6. Privacy model, limitations, and position within related ImageNet research
The privacy claim associated with ImageNet-F is deliberately limited. The paper states that face obfuscation provides “some privacy protection” and can enhance privacy, but it does not provide formal privacy guarantees (Yang et al., 2021). Identity may still be inferred by humans or machine models from cues outside the face, including height, clothing, and context. The benchmark therefore represents privacy enhancement rather than anonymity.

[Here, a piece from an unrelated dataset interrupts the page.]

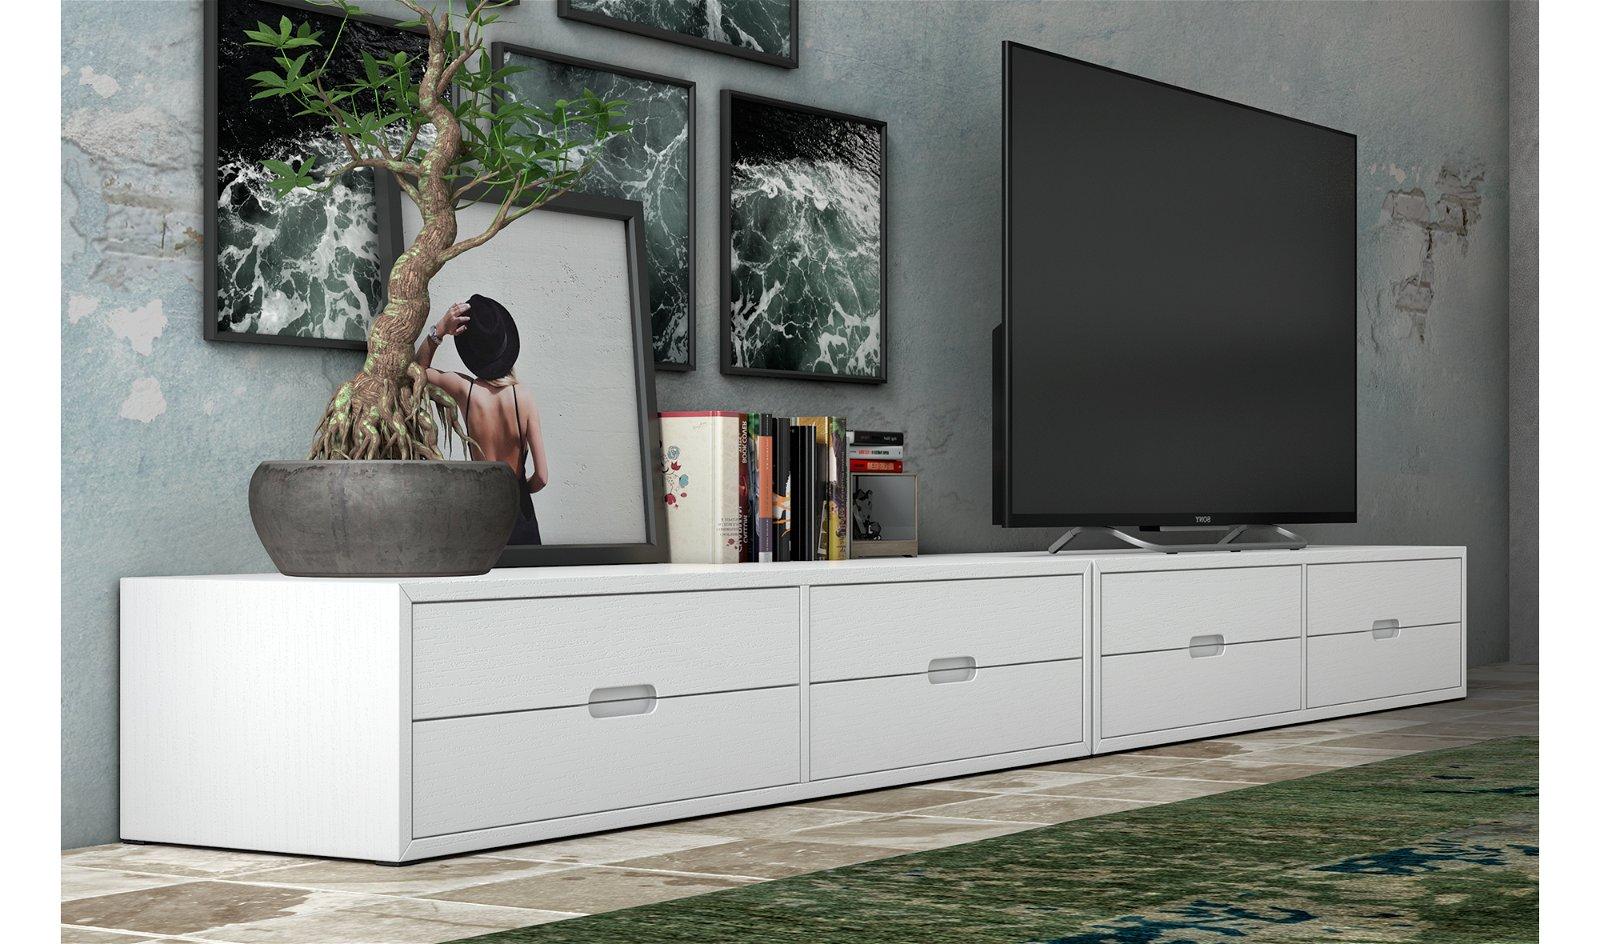 Mueble tv bajo industrial Loft

The authors also justify their use of simple local transformations. They choose blurring and overlaying because stronger guarantees are not available in this setting, sophisticated adversarial anonymization still lacks guarantees, and more aggressive privacy interventions may reduce dataset utility. Two ethical caveats are emphasized. First, face obfuscation can create a false sense of privacy because it is imperfect. Second, commercial face detection may exhibit racial or gender disparities, so relying on automatic detection alone could protect some groups less well; manual crowdsourcing refinement is intended to partially mitigate that risk. The paper further notes that faces are only one privacy attribute. Other sensitive information, including names, addresses, license plates, and other personal content, may remain visible.
Within the broader ImageNet literature, ImageNet-F should be distinguished from other ImageNet variants. “Do ImageNet Classifiers Generalize to ImageNet?” introduces ImageNetV2, a newly collected test set meant to replicate the original ImageNet validation distribution, and explicitly does not define ImageNet-F (Recht et al., 2019). That work is relevant as background on natural distribution shift, but it studies recollection and recuration rather than privacy-preserving face obfuscation. The distinction matters because ImageNet-F changes local face regions within ILSVRC, whereas ImageNetV2 changes the image sample itself.
A second contextual issue concerns evaluation procedures built on ImageNet-pretrained feature spaces. “The Role of ImageNet Classes in Fréchet Inception Distance” argues that FID computed in the standard Inception-V3 feature space is strongly driven by ImageNet class semantics and can reward alignment with ImageNet classification structure rather than human-perceived fidelity (Kynkäänniemi et al., 2022). This does not redefine ImageNet-F, whose primary experiments use top-1, top-5, and downstream task metrics, but it suggests caution for any auxiliary evaluation protocol around ImageNet-F that uses ImageNet-pretrained embeddings as supposedly generic perceptual features. A plausible implication is that ImageNet-based feature metrics may encode ImageNet semantic biases even when the nominal task is not ImageNet classification.
Taken together, these points locate ImageNet-F as a privacy-aware ILSVRC variant rather than a new formal task family. Its central contribution is to show that ImageNet can be made more privacy-aware by local face obfuscation while preserving most of its utility as both a classification benchmark and a pretraining corpus, provided that its limited privacy guarantees and benchmark-specific evaluation assumptions are kept explicit.